Leading the Way includes an introduction and six modules: Past, Present and Future; Addiction, Dependence and Disease; Cessation and Prevention; Pharmacotherapies; Knowledge to Practice: Clinical Application; Advocacy & Prevention in the Community. The curriculum is highly adaptable and can be used as a single tobacco control unit or infused into existing courses such as pharmacology, periodontology, oral pathology and community health. The curriculum includes over one hundred references and is regularly updated to reflect current research.

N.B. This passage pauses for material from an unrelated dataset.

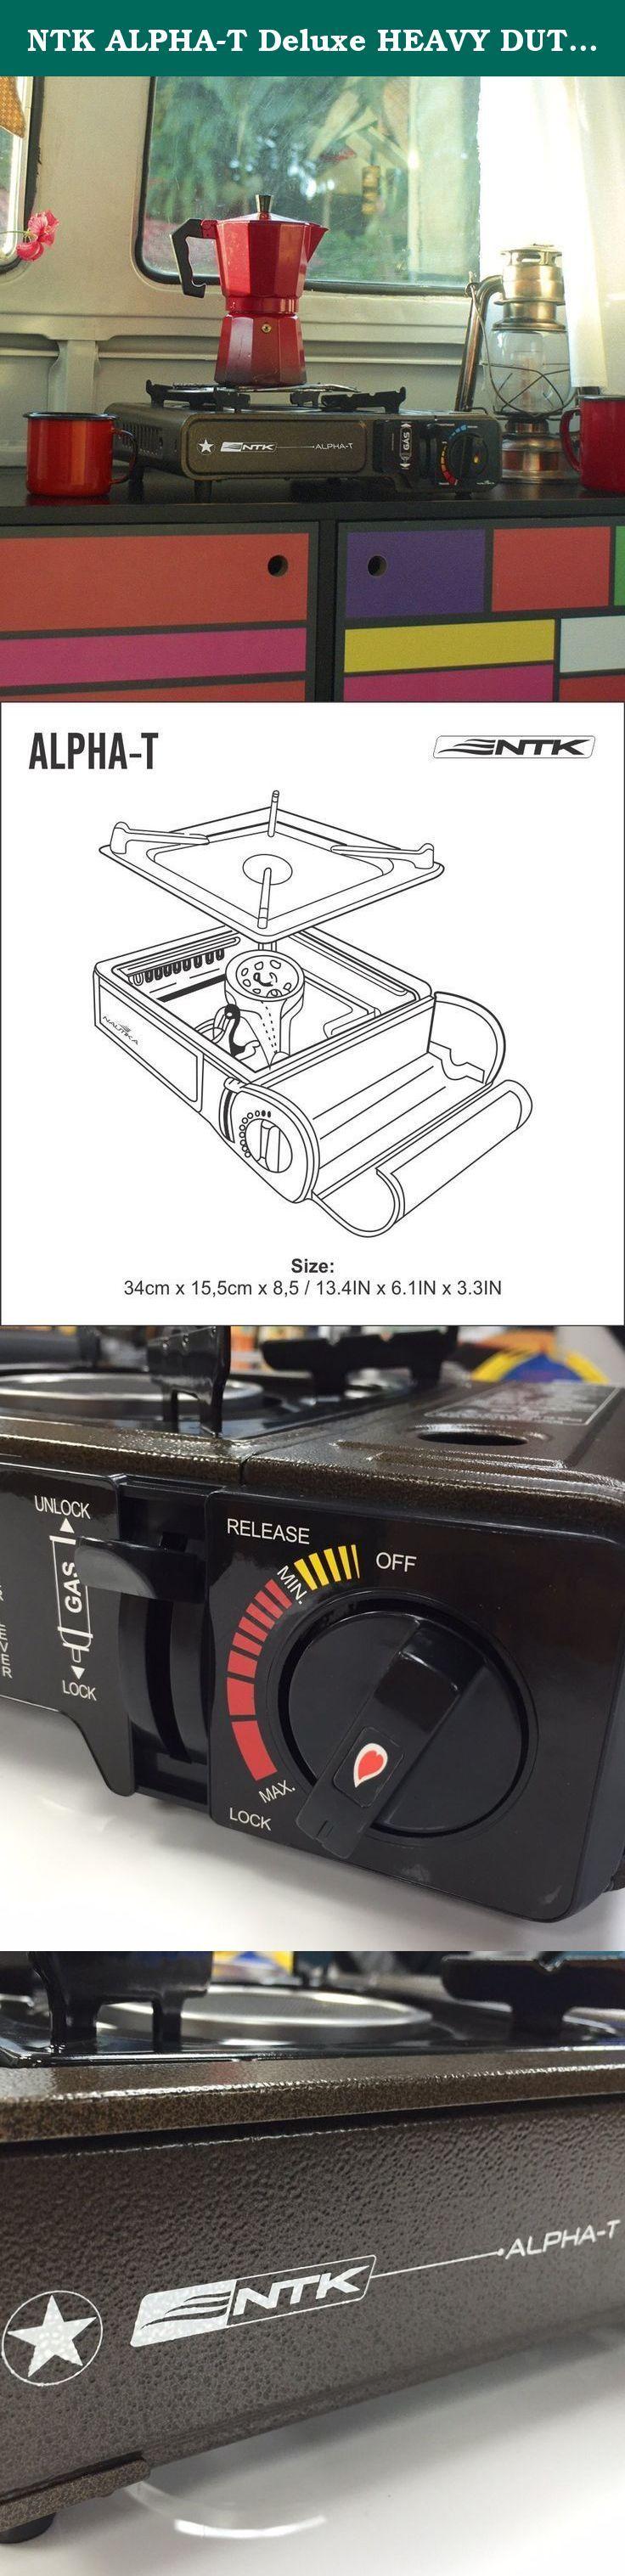 Wiring Diagram Stove Plug

The curriculum includes a: Faculty Guide (learning objective, learning activities, assessment tools and references for that module.), Power Point slides that include numerous visuals to increase student interest and participation and an extensive Tool Box. The curriculum is available free of charge at http://www.siu.edu/~hcp/tobacco.

The American Cancer Society, Illinois Division, awarded a $250,000, three year grant to SRNT member, Joan M. Davis and a team of researchers at Southern Illinois University Carbondale to evaluate the effectiveness of the curriculum using the Theory of Planned Behavior. A total of twelve community college dental hygiene faculty members will receive training in the Leading the Way curriculum. Faculty, dental hygiene students as well as patients will be surveyed over a two year period to determine the impact of the tobacco curriculum on clinician attitudinal change and actual clinical tobacco control efforts.

Collaboration is being sought to adapt this basic curriculum to other allied health programs that are specifically located in two year community college settings as well as the dental school setting.